如何导入数据集

DDS Team大约 3 分钟

如何导入数据集

How to Import Your Dataset

The DDS tool provides user-friendly Python APIs to import your datasets.

1. Start the DDS tool

To use the DDS Python APIs, you have to start the DDS tool first.

dds --quickstart

2. Import Local Image Directory

Say you have a directory containing images grouped by categories, like this:

$ tree -L 2
.
├── cat
│   ├── cat01.png
│   ├── cat02.png
│   ├── cat03.jpeg
│   └── cat04.webp
├── dog
│   ├── dog01.jpeg
│   ├── dog02.jpeg
│   ├── dog03.jpeg
│   └── dog04.jpeg
└── fish
    ├── fish01.webp
    ├── fish02.webp
    ├── fish03.jpg
    └── fish04.jpeg

You can import this directory with the following Python code:

import os

from deepdataspace import DataSet

# First API call: create your dataset
dataset = DataSet.create_dataset("my_dataset", id_="my_dataset_unique_id")

# import every category into the dataset
dataset_dir = "/path/to/my/dataset"  # replace this with your dataset directory
categories = os.listdir(dataset_dir)
for cat_idx, category in enumerate(categories):
  cat_path = os.path.join(dataset_dir, category)
  if not os.path.isdir(cat_path):
    continue

  print(f"Importing category {category}...")
  items = os.listdir(cat_path)
  for idx, item in enumerate(items):
    image_path = os.path.join(cat_path, item)
    image_uri = f"file://{image_path}"
    # Second API call: import an image into the dataset
    image = dataset.batch_add_image(image_uri, id_=cat_idx * 100 + idx)
    # Third API call: add an annotation to the image
    image.batch_add_annotation(category=category)
    image.finish_batch_add_annotation()

# Final API call: finish the importing process
dataset.finish_batch_add_image()

This recipe here is creating a dataset, iterating the dataset directory and importing every image with a classification into the dataset.
All of these is done by 4 API calls:

  • DataSet.create_dataset: create a dataset
  • DataSet.batch_add_image: import an image into the dataset
  • Image.batch_add_annotation: add an annotation to the image
  • Image.finish_batch_add_annotation() flush all annotations added to the image
  • DataSet.finish_batch_add_image: finish the importing process

注意

The id_ argument of DataSet.create_dataset and DataSet.batch_add_image is optional.
But it's necessary if you want to avoid inserting the same dataset or image in repeated script runs.

3. Import complicated dataset

The example above shows you how to import a local and simple directory dataset.
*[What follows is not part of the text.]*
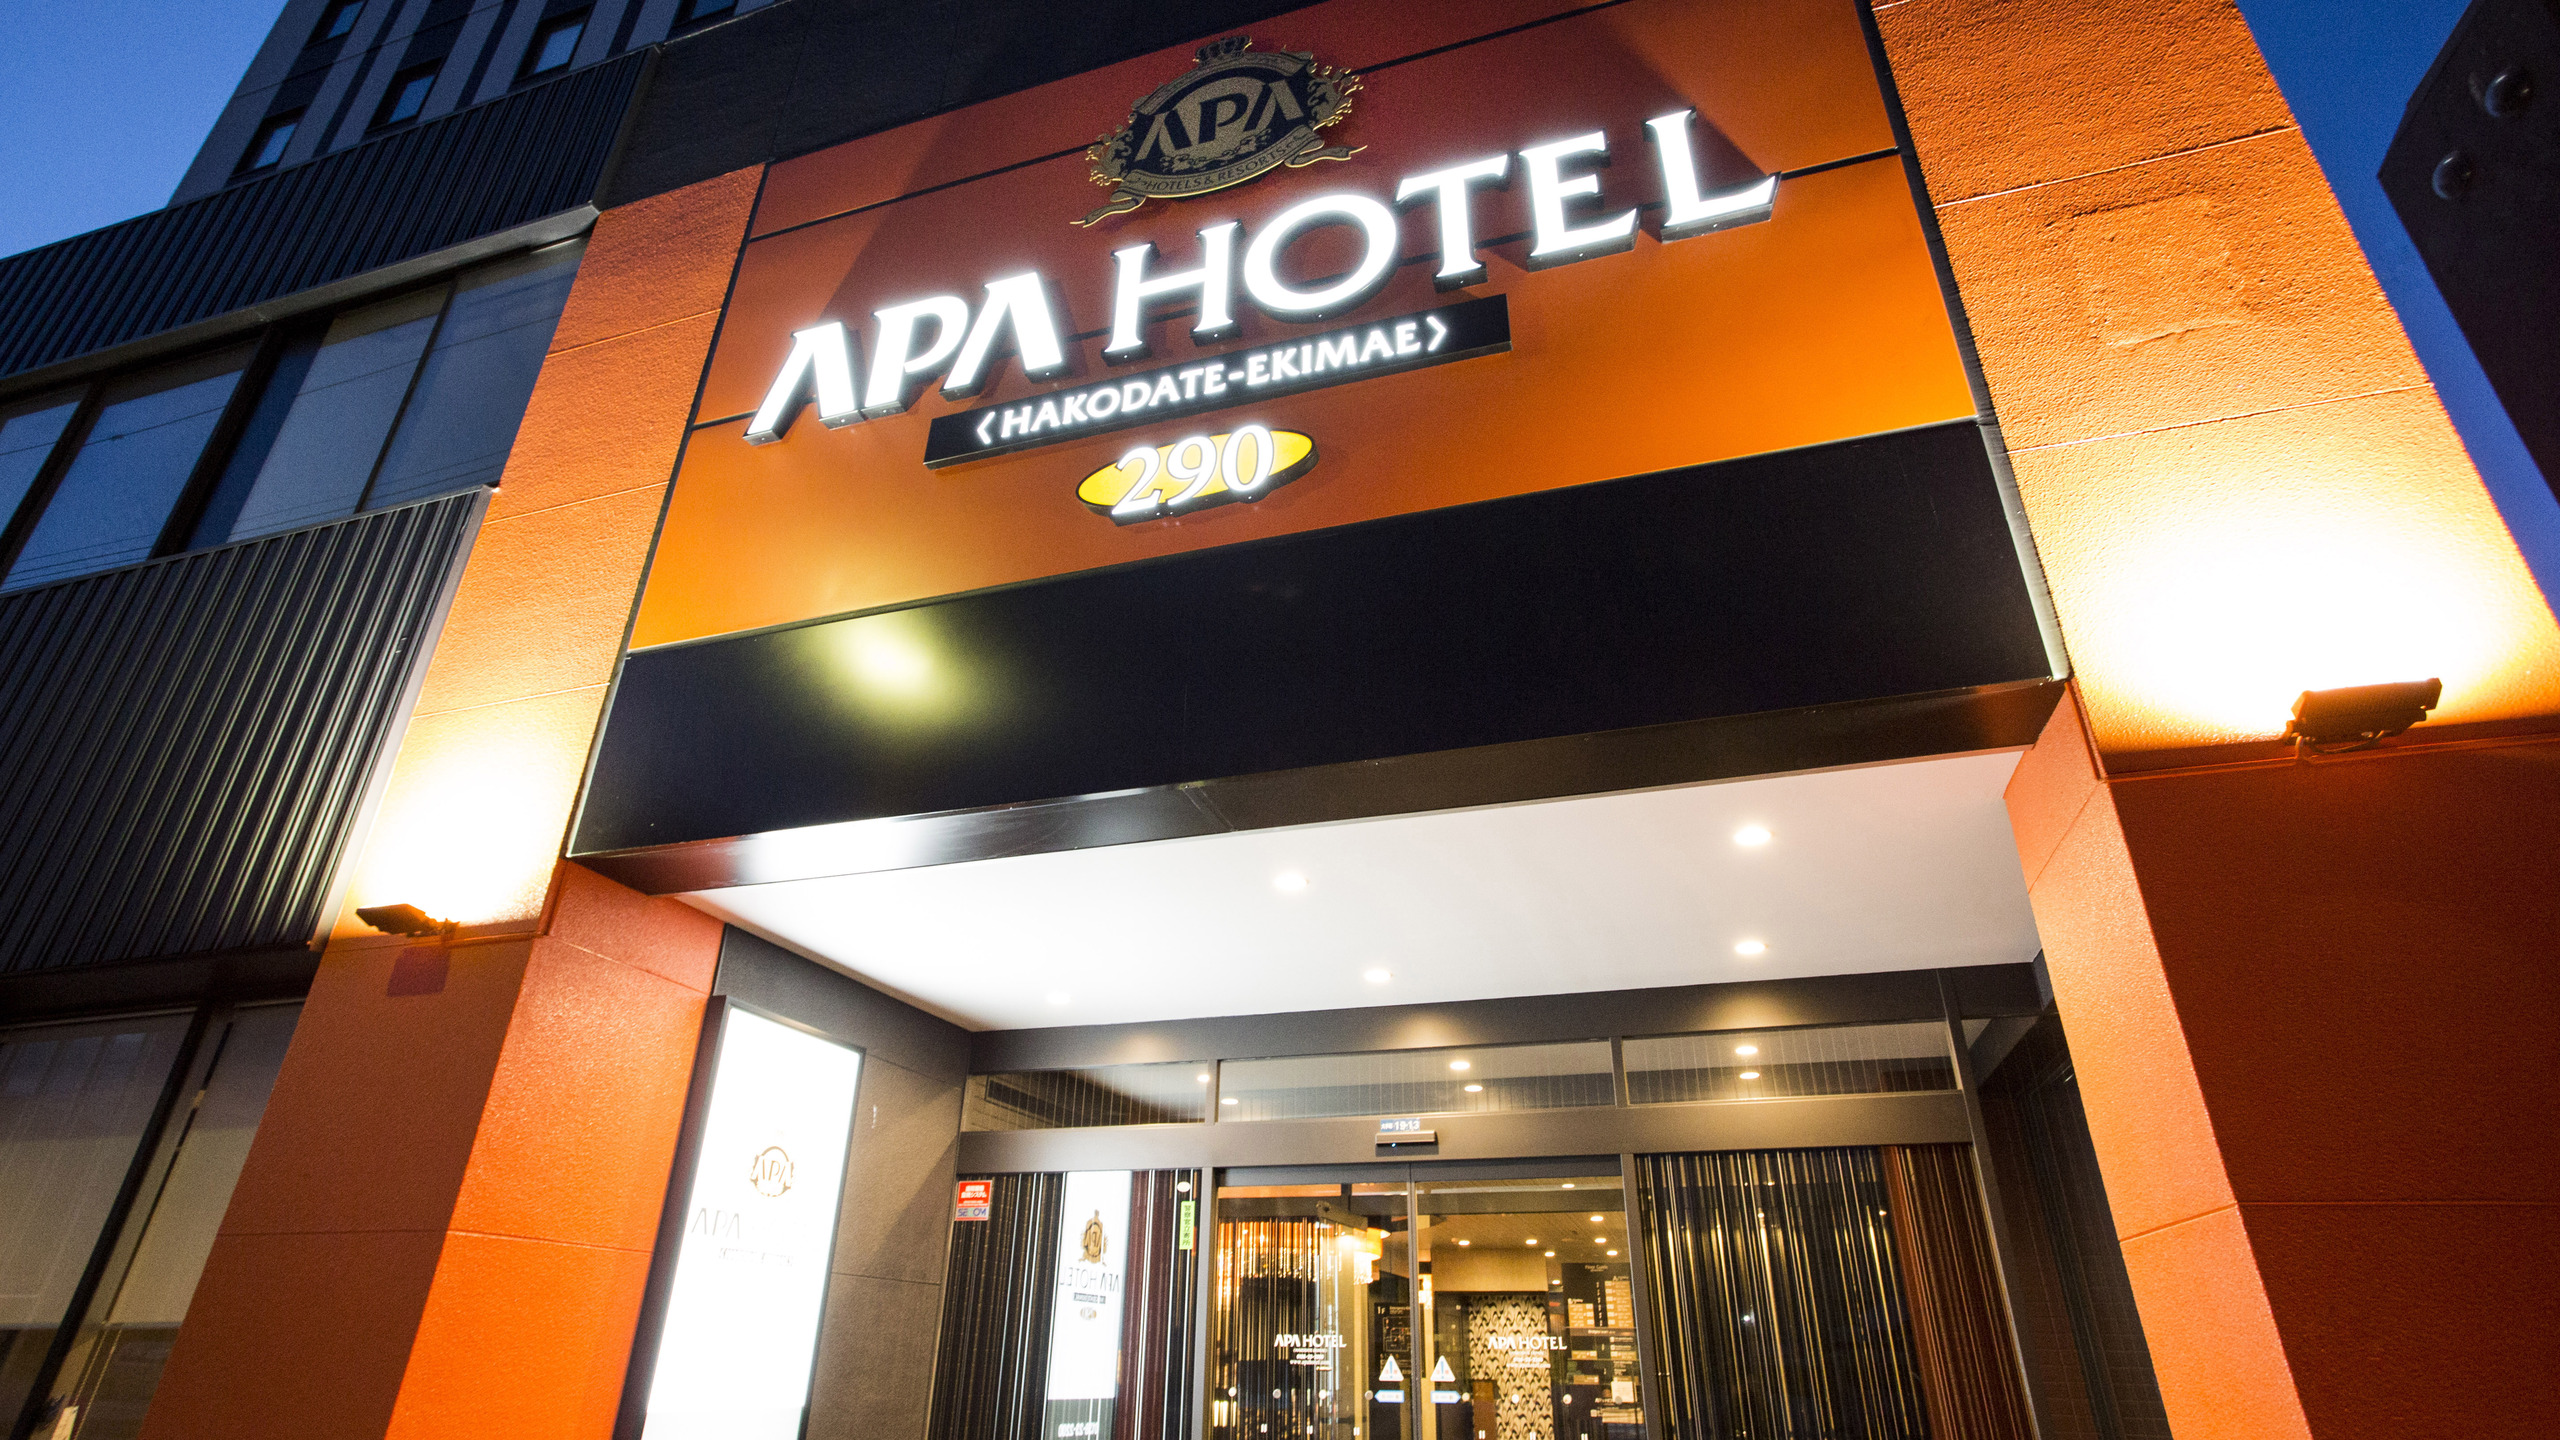 APA Hotel <Hakodate-Ekimae>

DDS also supports more complicated dataset, such as:

  • Your dataset images are not local files, but are remote urls.
  • Your dataset contains not only classification, but also object detection, instance segmentation, object alpha matting, keypoints, etc.
  • Your dataset contains not only ground-truth, but also prediction sets.

3.1 Import remote images

This is almost the same as the example above, except that you have to replace the image_uri with a remote http(s) url.

from deepdataspace import DataSet

dataset = DataSet.create_dataset("my_dataset", id_="my_dataset_unique_id")

categories = ["cat", "dog", "fish"]
for cat_idx, category in enumerate(categories):
    print(f"Importing category {category}...")
    for idx, item in range(10):
        image_idx = cat_idx * 100 + idx
        image_uri = f"https://mydataset.images.com/{category}/{image_idx}.png"
        image = dataset.batch_add_image(image_uri, id_=image_idx)
        image.batch_add_annotation(category=category)
        image.finish_batch_add_annotation()

dataset.finish_batch_add_image()

3.2 Import complicated annotations

By providing extra arguments to Image.batch_add_annotation, you can import more complicated annotations.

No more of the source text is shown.